Posted to commits@arrow.apache.org by ap...@apache.org on 2022/06/30 12:48:49 UTC
[arrow] branch master updated: ARROW-15130: [Docs] Add glossary (#12868)
This is an automated email from the ASF dual-hosted git repository.
apitrou pushed a commit to branch master
in repository https://gitbox.apache.org/repos/asf/arrow.git
The following commit(s) were added to refs/heads/master by this push:
new 8b298be4a3 ARROW-15130: [Docs] Add glossary (#12868)
8b298be4a3 is described below
commit 8b298be4a3ebcf8655326e44a0d2ca6dd4eb254c
Author: David Li <li...@gmail.com>
AuthorDate: Thu Jun 30 08:48:42 2022 -0400
ARROW-15130: [Docs] Add glossary (#12868)
Authored-by: David Li <li...@gmail.com>
Signed-off-by: Antoine Pitrou <an...@python.org>
---
docs/source/format/Glossary.rst | 202 ++++++++++++++++++++++++++++++++++++++++
docs/source/index.rst | 1 +
2 files changed, 203 insertions(+)
diff --git a/docs/source/format/Glossary.rst b/docs/source/format/Glossary.rst
new file mode 100644
index 0000000000..423ebf8578
--- /dev/null
+++ b/docs/source/format/Glossary.rst
@@ -0,0 +1,202 @@
+.. Licensed to the Apache Software Foundation (ASF) under one
+.. or more contributor license agreements. See the NOTICE file
+.. distributed with this work for additional information
+.. regarding copyright ownership. The ASF licenses this file
+.. to you under the Apache License, Version 2.0 (the
+.. "License"); you may not use this file except in compliance
+.. with the License.
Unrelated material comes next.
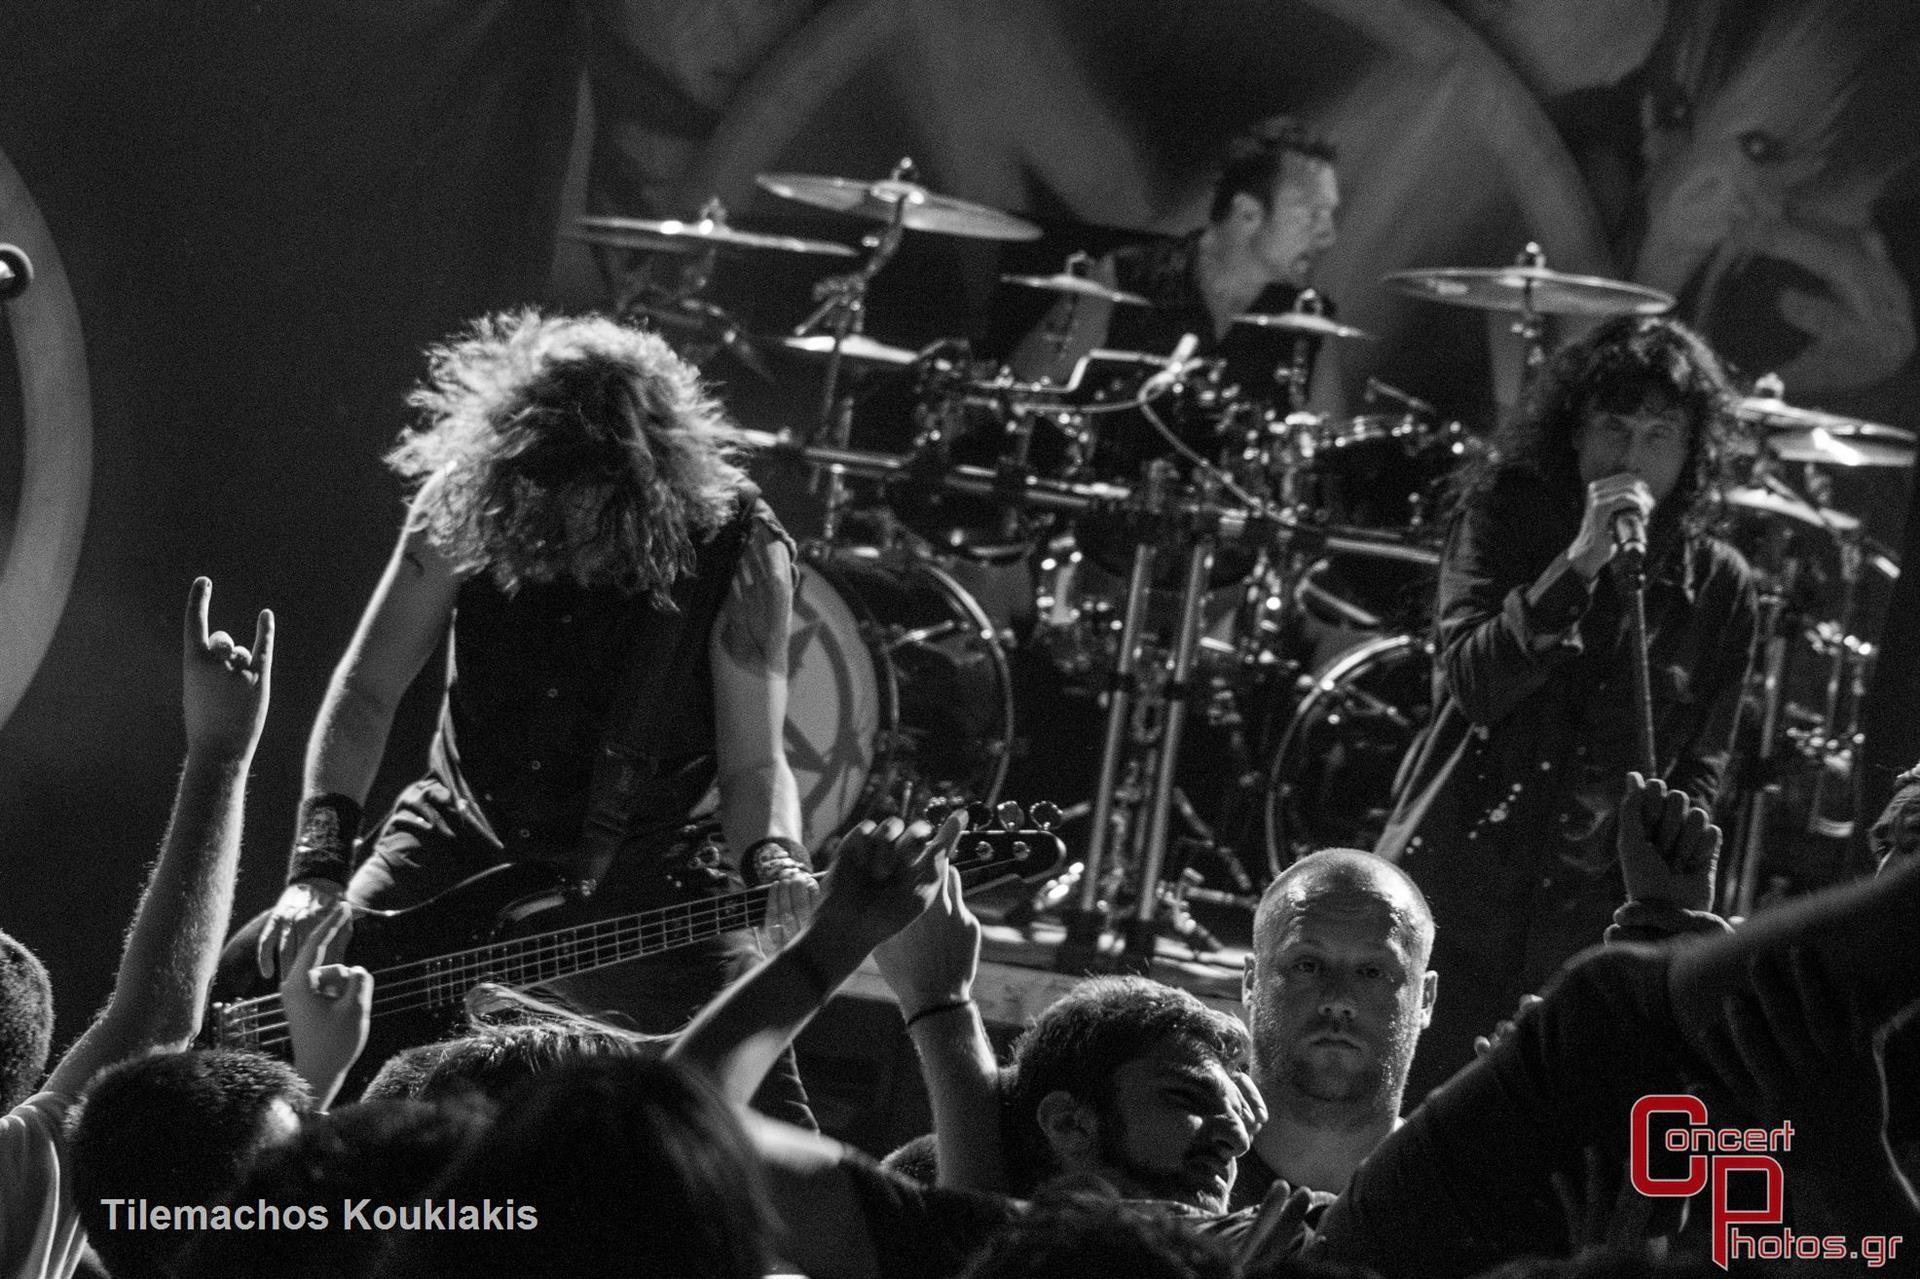 Anthrax-Anthrax photographer: Tilemachos Kouklakis - IMG_2233

You may obtain a copy of the License at
+
+.. http://www.apache.org/licenses/LICENSE-2.0
+
+.. Unless required by applicable law or agreed to in writing,
+.. software distributed under the License is distributed on an
+.. "AS IS" BASIS, WITHOUT WARRANTIES OR CONDITIONS OF ANY
+.. KIND, either express or implied. See the License for the
+.. specific language governing permissions and limitations
+.. under the License.
+
+========
+Glossary
+========
+
+.. glossary::
+ :sorted:
+
+ array
+ vector
+ A *contiguous*, *one-dimensional* sequence of values with known
+ length where all values have the same type. An array consists
+ of zero or more :term:`buffers <buffer>`, a non-negative
+ length, and a :term:`data type`. The buffers of an array are
+ laid out according to the data type as defined by the columnar
+ format.
+
+ Arrays are contiguous in the sense that iterating the values of
+ an array will iterate through a single set of buffers, even
+ though an array may consist of multiple disjoint buffers, or
+ may consist of child arrays that themselves span multiple
+ buffers.
+
+ Arrays are one-dimensional in that they are a sequence of
+ :term:`slots <slot>` or singular values, even though for some
+ data types (like structs or unions), a slot may represent
+ multiple values.
+
+ Defined by the :doc:`./Columnar`.
+
+ buffer
+ A *contiguous* region of memory with a given length. Buffers
+ are used to store data for arrays.
+
+ Buffers may be in CPU memory, memory-mapped from a file, in
+ device (e.g. GPU) memory, etc., though not all Arrow
+ implementations support all of these possibilities.
+
+ child array
+ parent array
+ In an array of a :term:`nested type`, the parent array
+ corresponds to the :term:`parent type` and the child array(s)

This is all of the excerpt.